As well, watch Ashton's reaction when Goode goes down. His first thought is to throw his arms in the air and appeal for Watson's dismissal. Like I say, talented player but he too often acts like a gobshite.

Are Brilliant ... Mark XXI

Am on the Island (Ynys Mon) with the Groupie so naturally well disposed to the world at present. We are going home today to see the brilliant Muse tonight.

So what's brilliant? Kenneally's Bitter by Bragdy Brewery of Conwy. It definitely helps that I was drinking it at the Ship Inn at Red Wharf Bay where I had the sausage sandwich as accompaniment to the beer. The Groupie had the coronation chicken sandwich, which I sampled in the interests of science. Jolly good.

The Thick of It. We have been binge-watching all four series over the past few weeks and it confirms me in the view that Armando Ianucci is a great modern writer. A stimulating commentator also - take a look at this excerpt from his defence of the BBC : Iannucci MacTaggart lecture 2015 What this has also called into question is OG's judgement in not including The Thick of It in the advent calendar of great television 2015. Oh well, maybe I can get another year out of it further down the line. Revisiting the final episode and the political demise of that great monster Malcolm Tucker, I was put in mind of Coriolanus's overpoweringly succinct farewell to Rome, 'I banish you'. Tucker draws his breath for one final act of coruscation, thinks about it and merely utters, 'It doesn't matter'. Less is more. Great writing.

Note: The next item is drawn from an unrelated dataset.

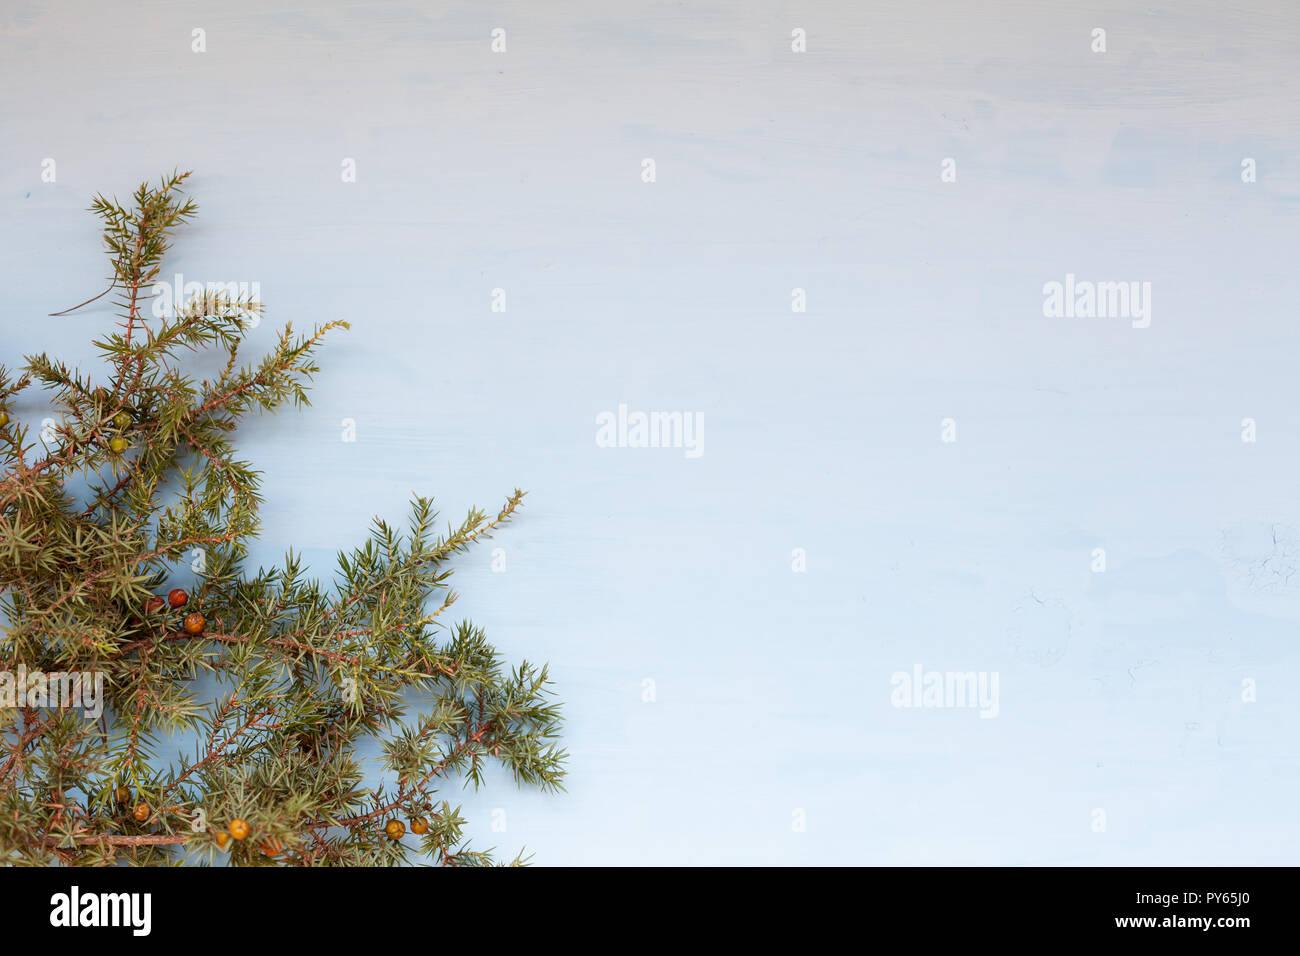 Weihnachtsbaum Nadeln.Weihnachtsbaum Nadeln Auf Einem Grauen Hintergrund Weihnachten

Another piece of television - Line of Duty. If this were American we would be raving about it. Series 3 is playing right now but we have also re-watched series 2 and will shortly embark on series 1 which somehow we missed altogether. Line of Duty is not the only tale of British televisual brilliance to appear on our screens of late. There ought to be a mention for Happy Valley starring the very reliable Sarah Lancashire who sure has come a long way from barmaid at the Rover's Return in Corrie.